Chers auditeurs, bonjour.


Au micro, Christian Eyschen. Je suis secrétaire général de la Libre Pensée française. Je voudrais vous parler aujourd’hui du rassemblement laïque européen qui s’est tenu le samedi 6 décembre à Paris à la Bourse du Travail, lieu mythique qui a vu tant d’espoirs et de révoltes s’exprimer à travers l’histoire.

Dans une salle archi-comble, des humanistes, des laïques, des rationalistes et un grand nombre de libres penseurs venus de toute l’Europe et de toute la France se sont réunis pour refuser que la roue de l’histoire tourne à l’envers, pour exprimer leur refus des dispositions antilaïques du projet de constitution européenne.

D’Angleterre, de Slovaquie, de France, d’Allemagne, d’Islande, d’Autriche, de Pologne, du Luxembourg, d’Italie, de Finlande, d’Espagne, de Tchéquie, du Danemark, et de Norvège, 32 associations de quatorze pays différents ont dit NON à l’Europe vaticane, cléricale et religieuse.

Pour reprendre une célèbre chanson de Charles Aznavour : « Ils sont venus, ils sont tous là, même Giorgio le fils maudit ». Il était là aussi. En France, le CAEDEL (Europe et Laïcité), l’Union rationaliste, le Comité Laïcité République, l’Union des Athées se retrouvaient aux côtés de la Libre Pensée pour défendre la loi de 1905 de séparation des Eglises et de l’Etat gravement menacée par la constitution européenne.

A l’appel de la National Secular Society d’Angleterre et de la Libre Pensée française, ces 32 associations, représentant la conscience laïque en Europe, refusent en commun l’article 51 de la future constitution européenne.

Que dit cet article : « - L’Union européenne respecte et ne préjuge pas du statut dont bénéficient, en vertu du droit national, les Eglises et les associations ou communautés religieuses dans les Etats membres…

- En reconnaissance de leur identité et leur contribution spécifique, l’Union maintient un dialogue ouvert, transparent et régulier, avec ces Eglises et organisations.»

Rappelons quelques évidences, un traité constitutionnel, ce n’est pas un roman qui raconte une belle histoire. C’est un texte juridique qui lie les parties en présence. Quand l’article 51 dit « L’Union européenne respectera » les différentes formes de relations entre les Eglises et les Etats, cela veut dire qu’elle les protégera en les intégrant dans le droit communautaire qui est supérieur aux différentes législations nationales. A partir du moment où la ratification de cette constitution sera terminée, toutes les formes de relation entre les religions et les Etats, c’est-à-dire les concordats, les Eglises officielles et les religions d’Etat, le statut clérical d’Alsace-Moselle, les impôts d’Eglise, les délits de blasphème seront tous intégrées es qualité dans le droit communautaire.

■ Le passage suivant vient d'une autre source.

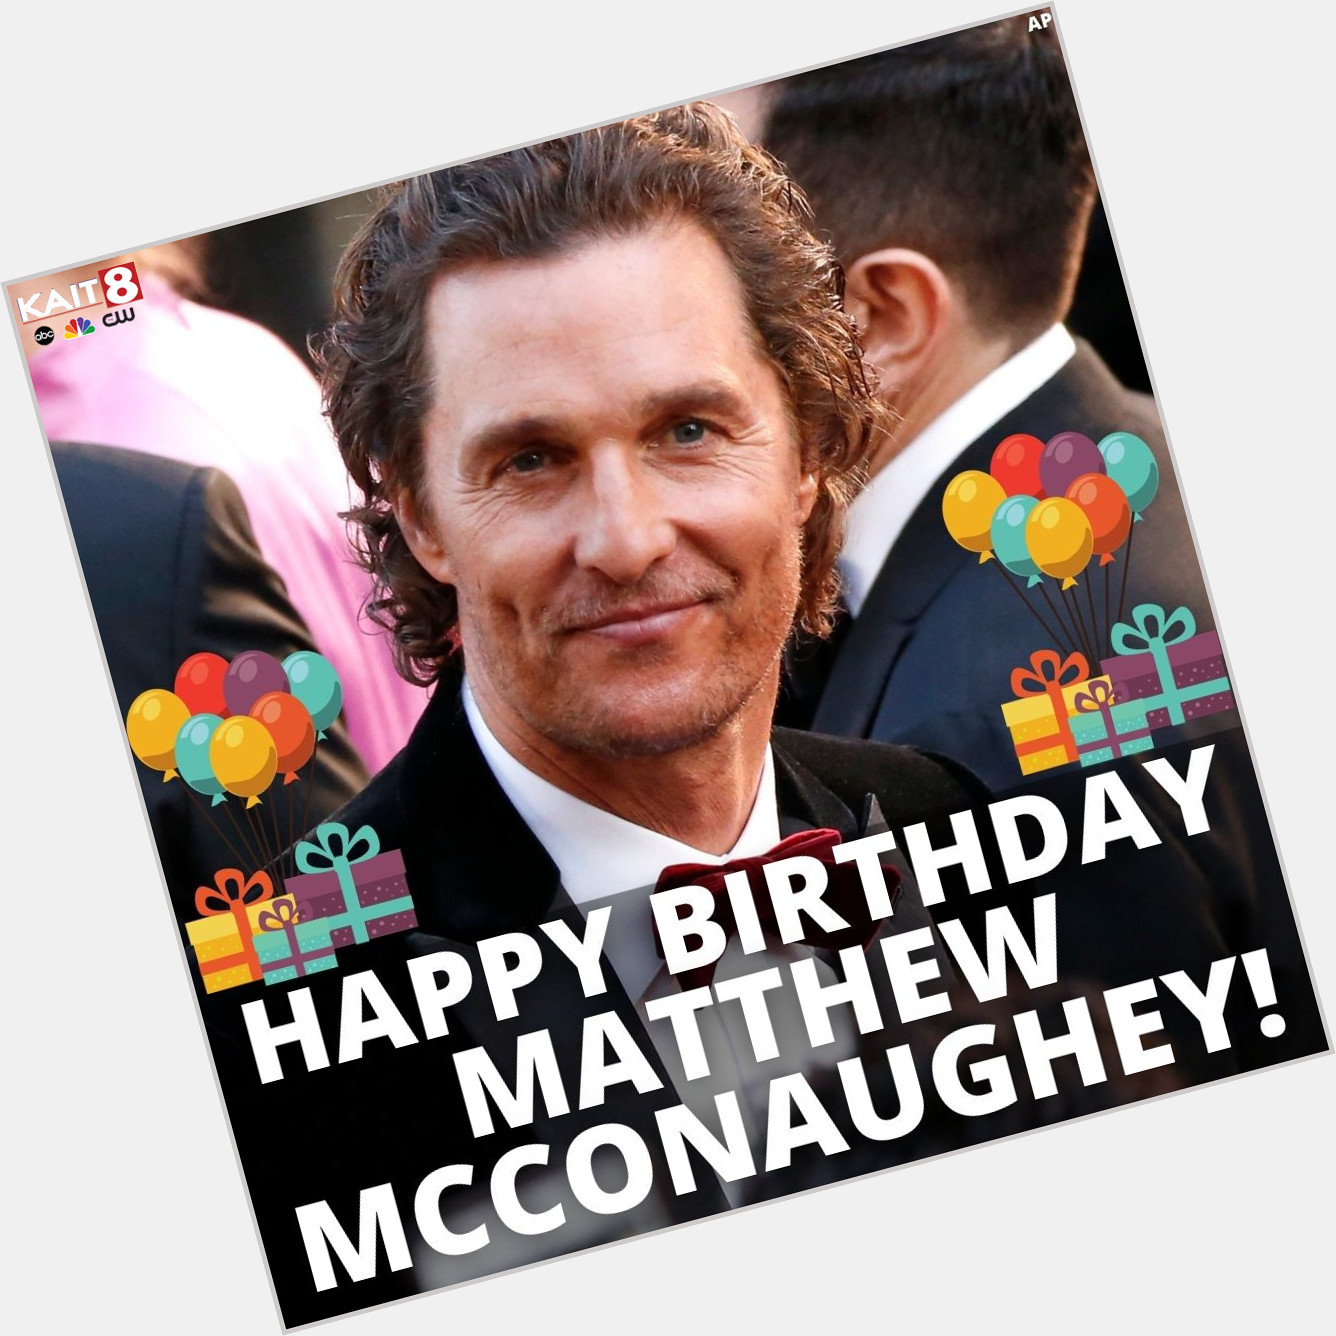 ALRIGHT, ALRIGHT, ALRIGHT! Happy birthday, Matthew McConaughey. He turns 51 today!

Quand un peuple voudra désormais abroger un concordat qu’il soit bonapartiste, hitlérien, franquiste, mussolinien ou salazariste ; pour pouvoir le faire en conformité avec le droit européen, il lui faudra avoir l’accord des 25 pays comme pour modifier la constitution européenne. Autant dire que ce n’est pas demain la veille.

C’est ce qui explique que le Vatican est dans une course de vitesse dans toute l’Europe pour faire avaliser les concordats avant la ratification finale de la constitution européenne. Le résultat est là : sur les 25 pays membres ou futurs membres de l’Union européenne, 14 ont un concordat avec le Vatican. Et la plupart des autres ont des religions officielles !

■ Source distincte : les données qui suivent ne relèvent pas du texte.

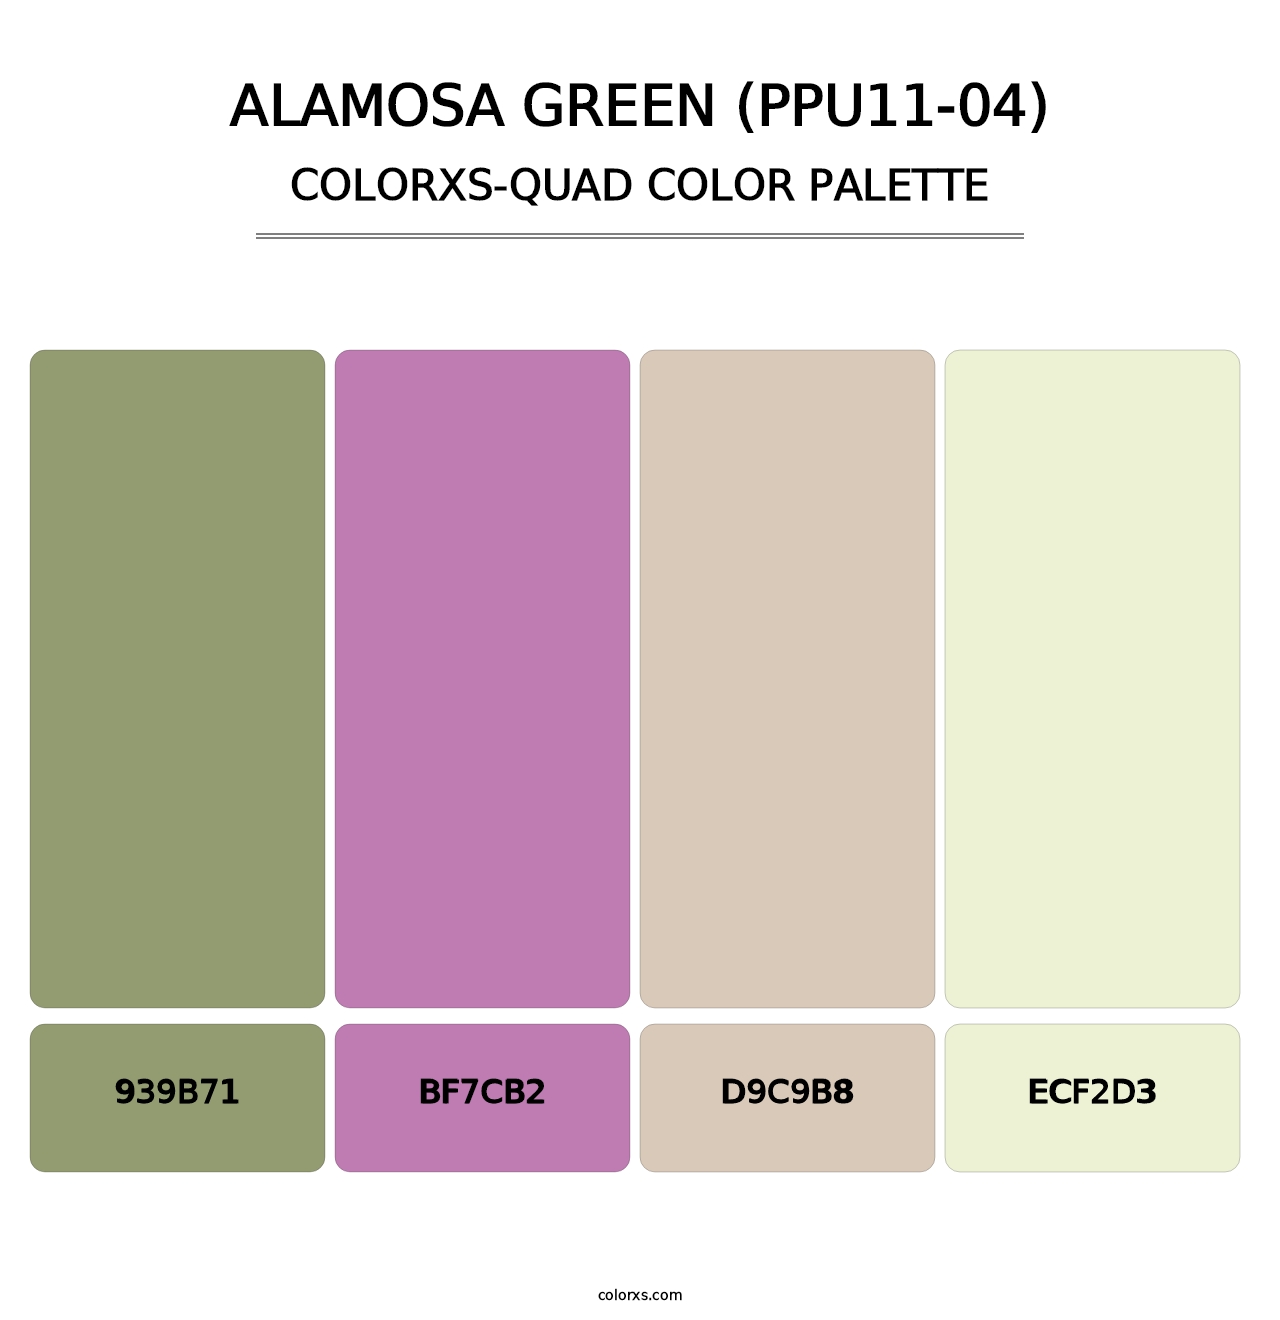 Alamosa Green (PPU11-04) - Colorxs Quad Palette

Et c’est en toute logique, qu’une fois préservées à tout jamais les relations institutionnelles des Eglises et des Etats, le troisième paragraphe fait des Eglises et des organisations religieuses les « partenaires officielles » de l’Union européenne.

La constitution européenne remet donc en cause de manière fondamentale le droit des peuples à disposer d’eux-mêmes en liant les générations futures aux décisions de celles d’hier. C’est l’ordre divin imposé à tous, pour tous et pour toujours.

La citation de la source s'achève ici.